→ Task objective: Repeat only what runs from the line with "Sau thời gian" through the last line of the data below, both included, keeping every word as it is and leaving out the pictures.

→ Dataset content:
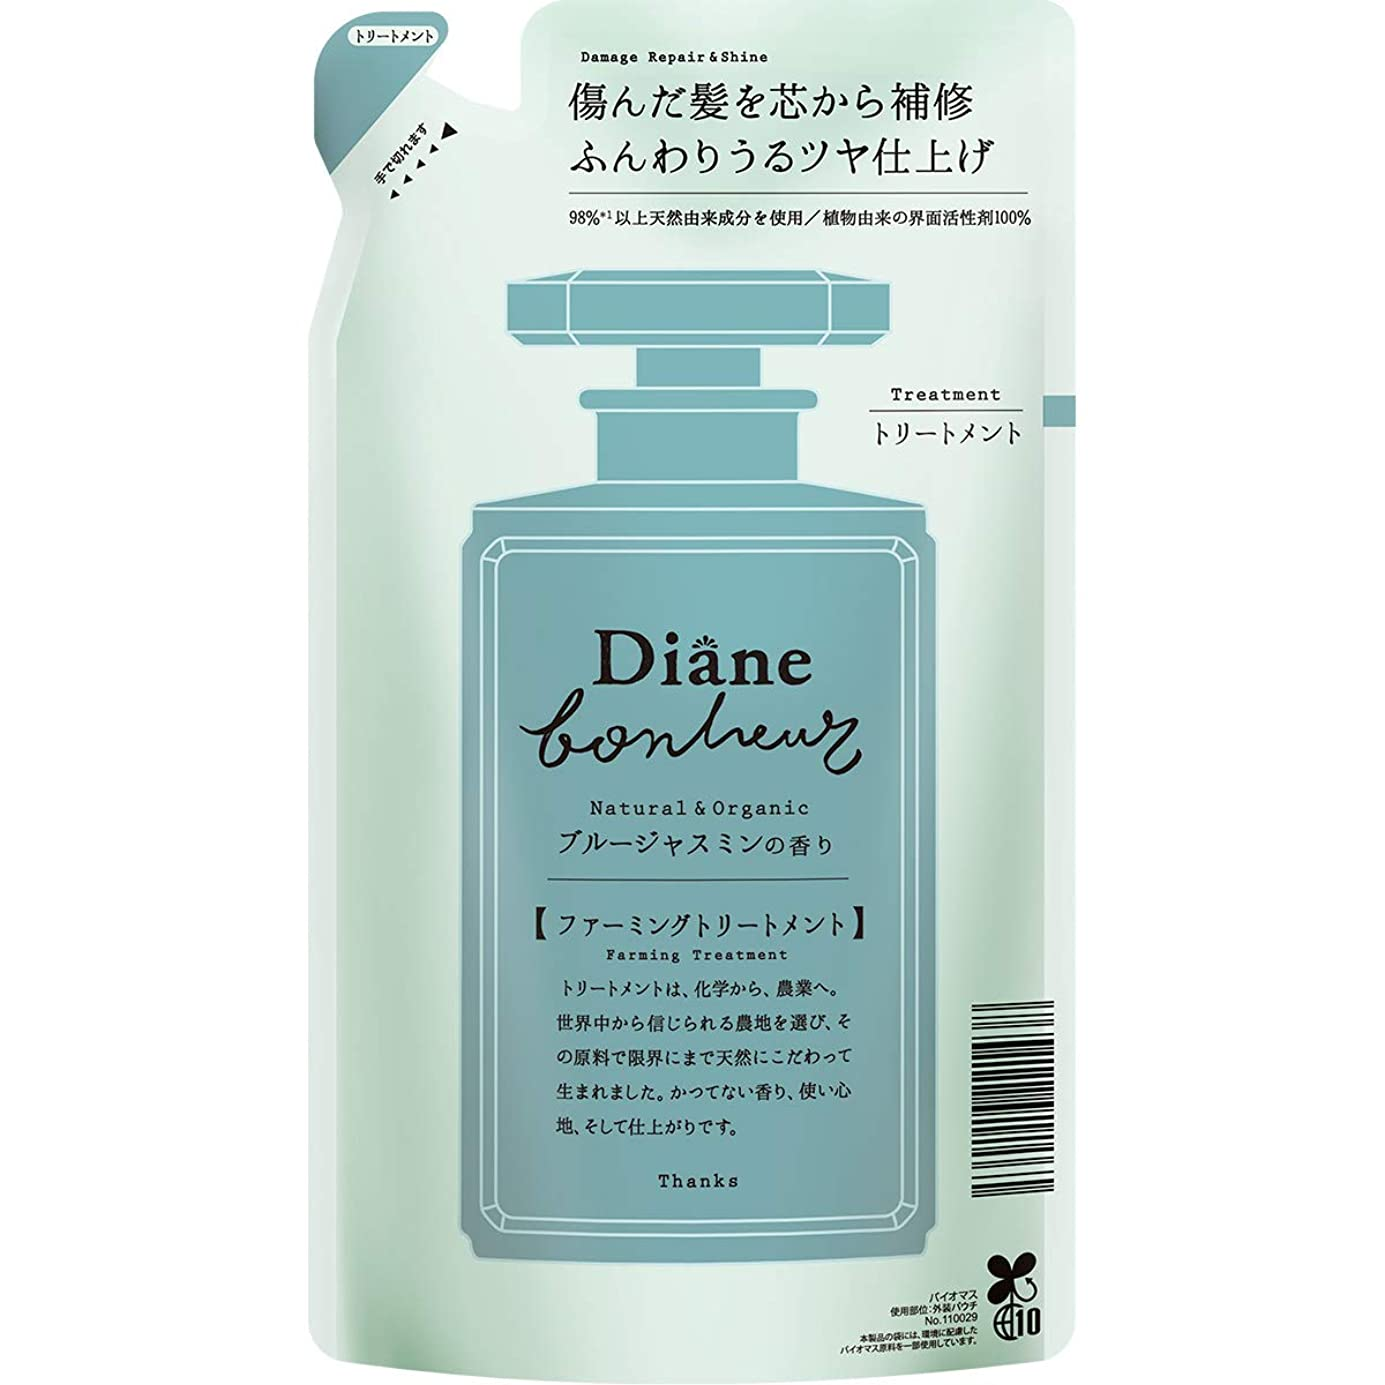 植物学者フェミニン雪だるまダイアン ボヌール トリートメント ブルージャスミンの香り ダメージリペア&シャイン 詰め替え 400ml
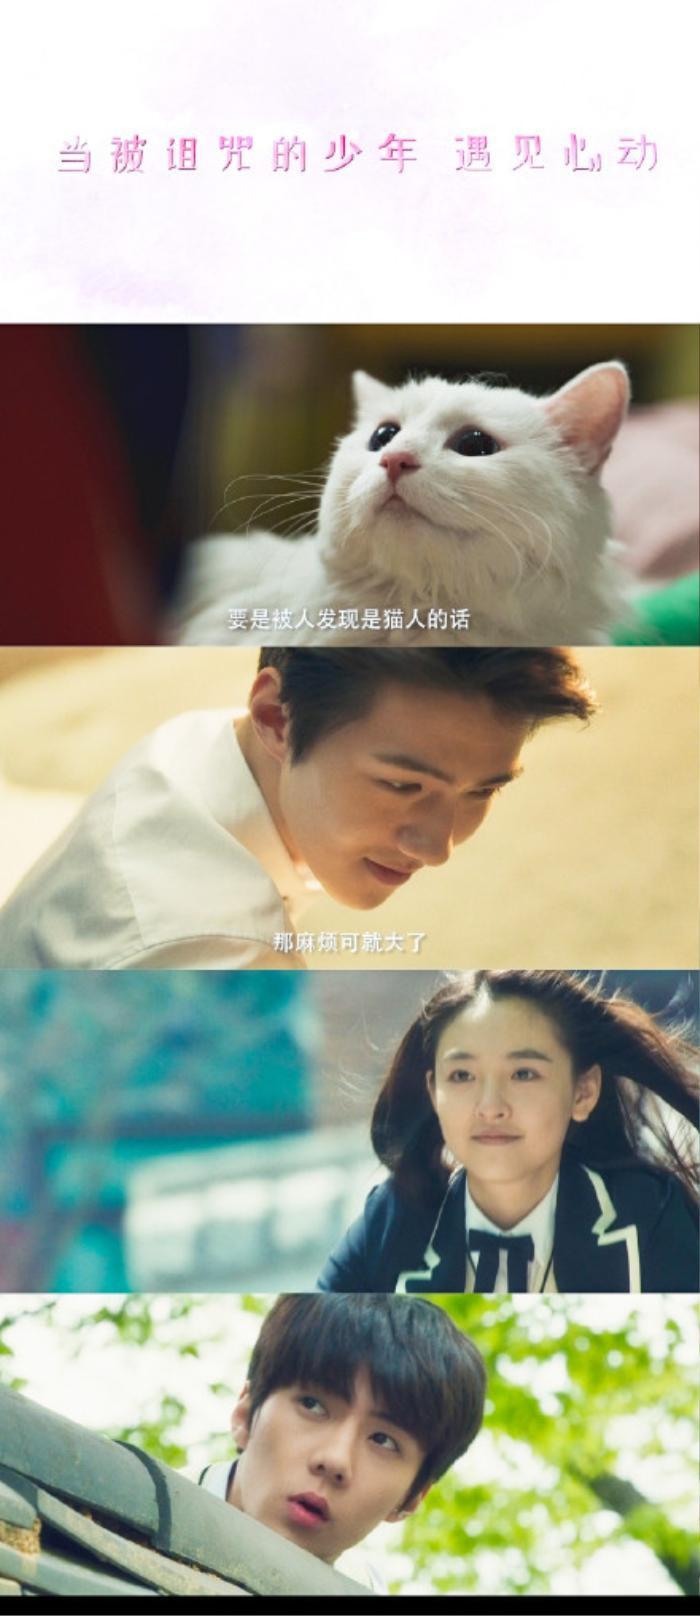 Sau thời gian dài 'đắp chiếu', cuối cùng phim điện ảnh của Sehun - Ngô Thiến cũng có cơ hội ra mắt? Ảnh 6
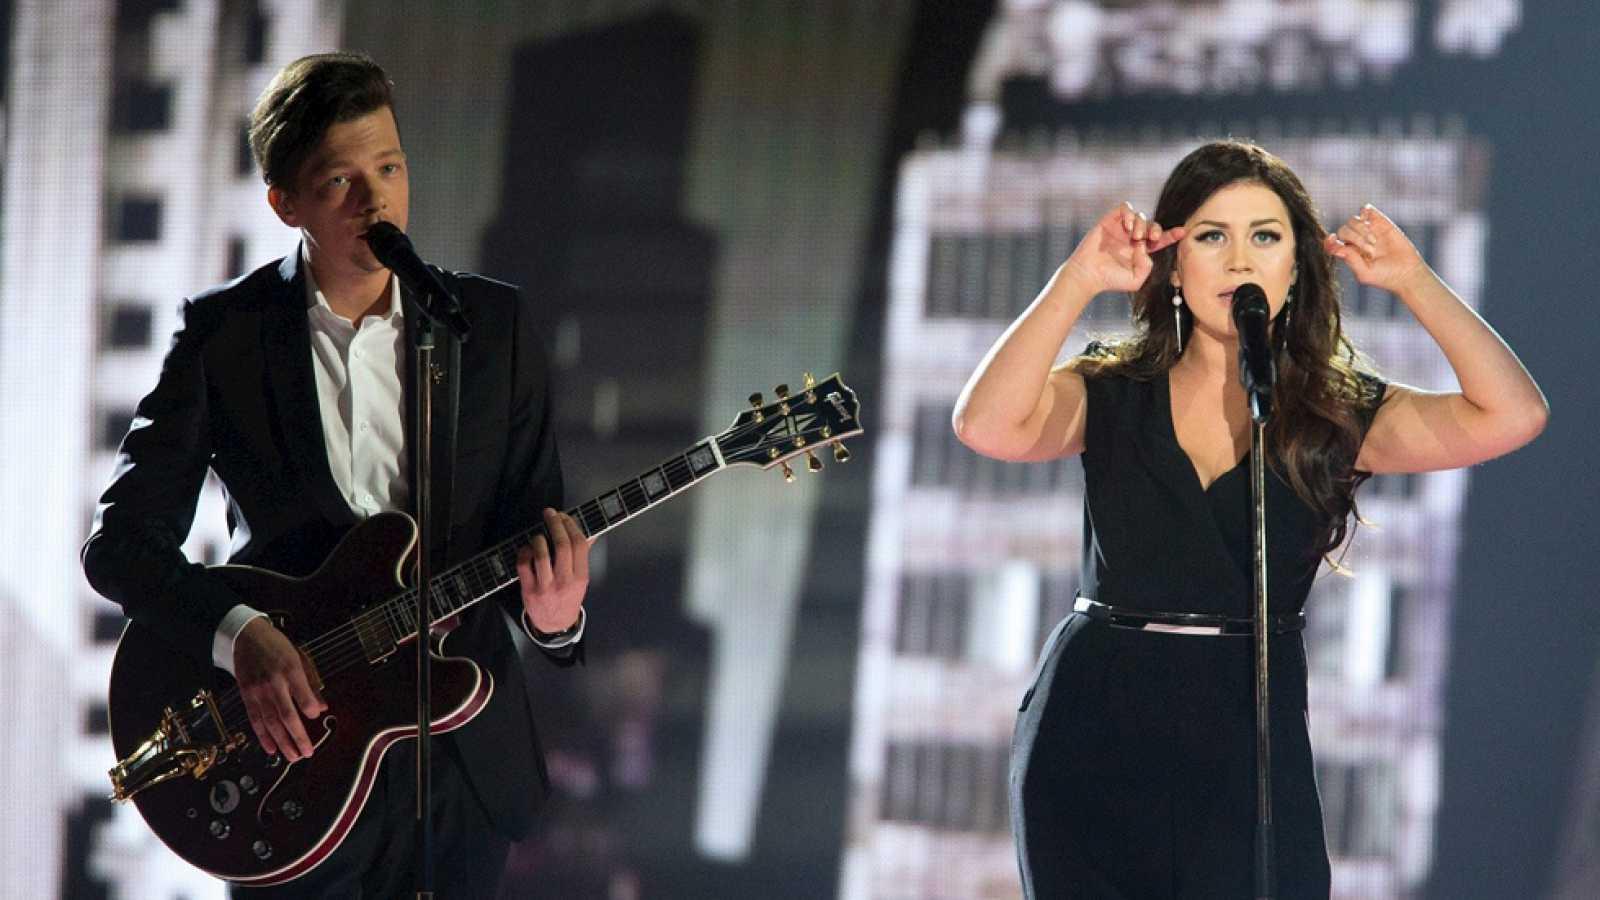 """Eurovisión 2015 - Semifinal 1 - Estonia: Elina Born & Stig Rästa cantan """"Goodbye to yesterday"""""""

→ Result:
 Sau thời gian dài 'đắp chiếu', cuối cùng phim điện ảnh của Sehun - Ngô Thiến cũng có cơ hội ra mắt? Ảnh 6
 """Eurovisión 2015 - Semifinal 1 - Estonia: Elina Born & Stig Rästa cantan """"Goodbye to yesterday"""""""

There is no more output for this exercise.